## DATA EXCERPT
....

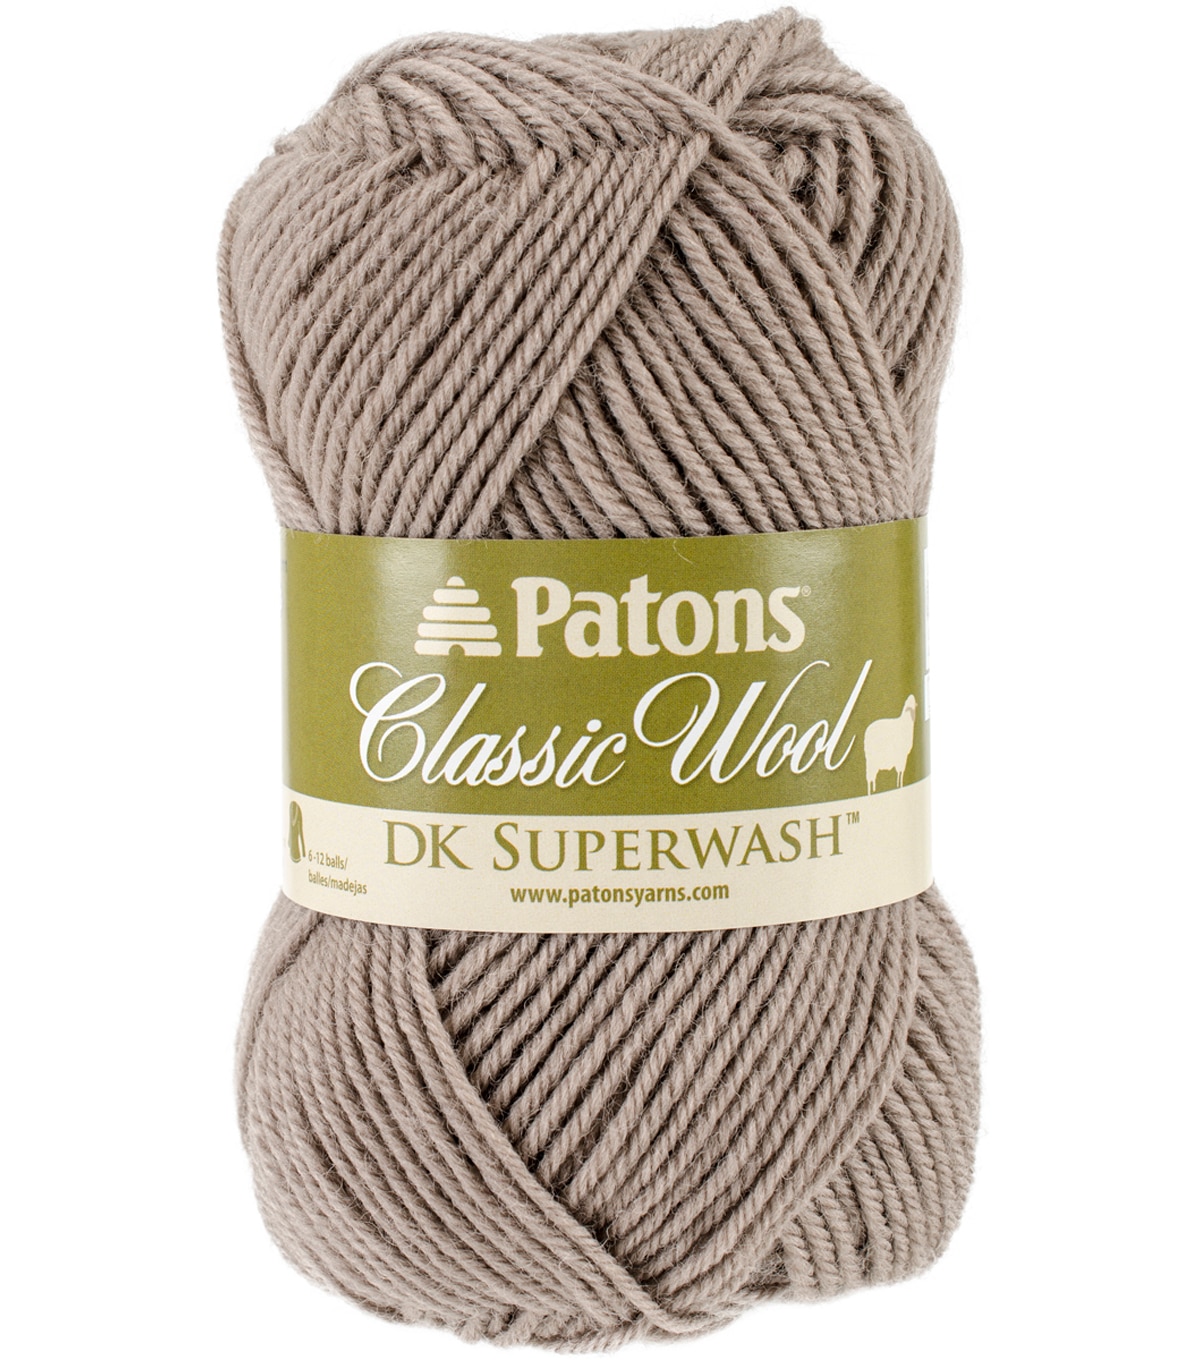 patons wool yarn
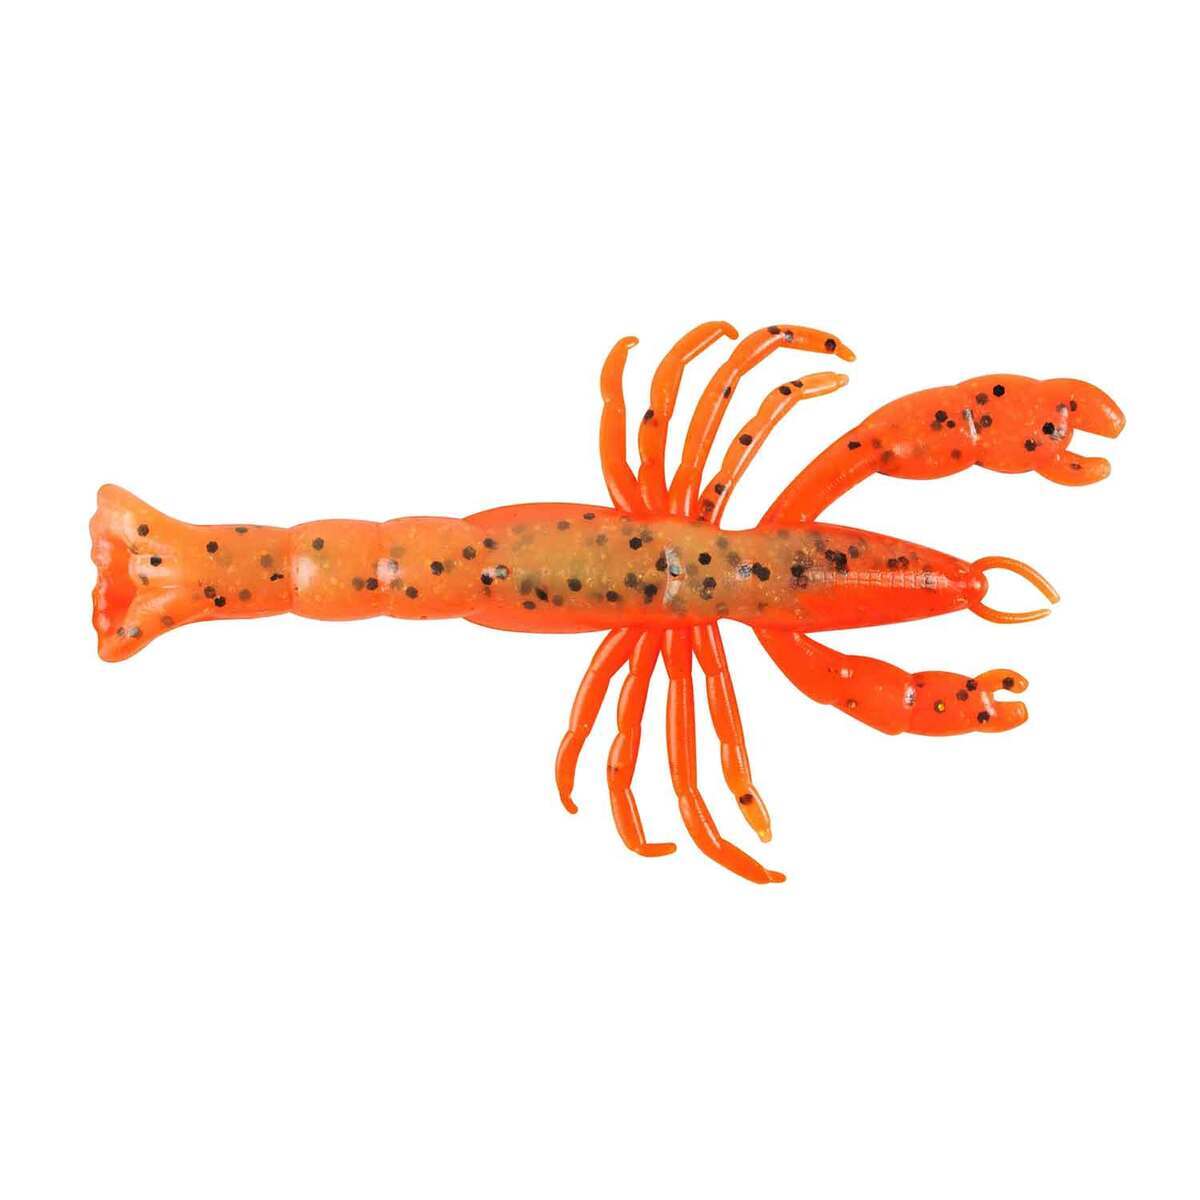 https://www.sportsmans.com/medias/berkley-gulp-ghost-shrimp-saltwater-soft-bait-orange-belly-3in-1236860-1.jpg?context=bWFzdGVyfGltYWdlc3w0NjcxOXxpbWFnZS9qcGVnfGFHWmlMMmhoWVM4eE1EVTNOelk1T0RFNU16UXpPQzh4TWpNMk9EWXdMVEZmWW1GelpTMWpiMjUyWlhKemFXOXVSbTl5YldGMFh6RXlNREF0WTI5dWRtVnljMmx2YmtadmNtMWhkQXxlMjAzM2MxNzhiMDY1YjRkMGIxZmUwZDI3MDExMzRlMGQ1MmEzMTUxODBjNTg1M2NlZmUyYTlmN2ZlYzdhMDQy
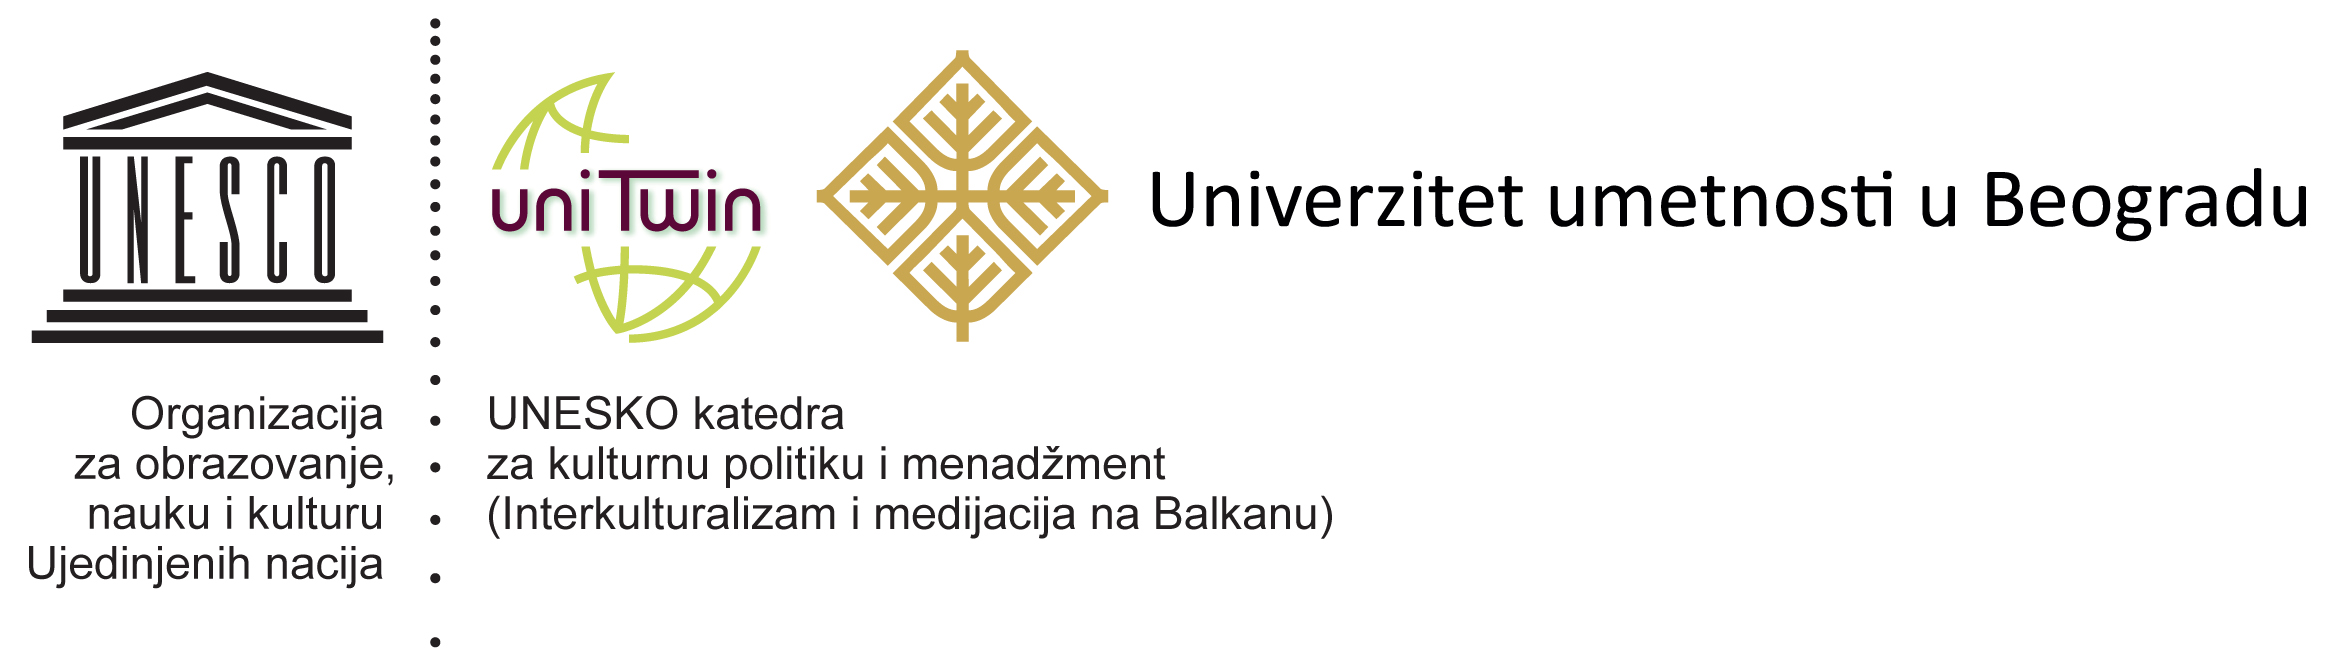 Univerzitet umetnosti, UNESKO katedra za kulturnu politiku i menadžement

....

Give the listing again word for word. Skip every image.

## SOLVED EXERCISE
 patons wool yarn
 https://www.sportsmans.com/medias/berkley-gulp-ghost-shrimp-saltwater-soft-bait-orange-belly-3in-1236860-1.jpg?context=bWFzdGVyfGltYWdlc3w0NjcxOXxpbWFnZS9qcGVnfGFHWmlMMmhoWVM4eE1EVTNOelk1T0RFNU16UXpPQzh4TWpNMk9EWXdMVEZmWW1GelpTMWpiMjUyWlhKemFXOXVSbTl5YldGMFh6RXlNREF0WTI5dWRtVnljMmx2YmtadmNtMWhkQXxlMjAzM2MxNzhiMDY1YjRkMGIxZmUwZDI3MDExMzRlMGQ1MmEzMTUxODBjNTg1M2NlZmUyYTlmN2ZlYzdhMDQy
 Univerzitet umetnosti, UNESKO katedra za kulturnu politiku i menadžement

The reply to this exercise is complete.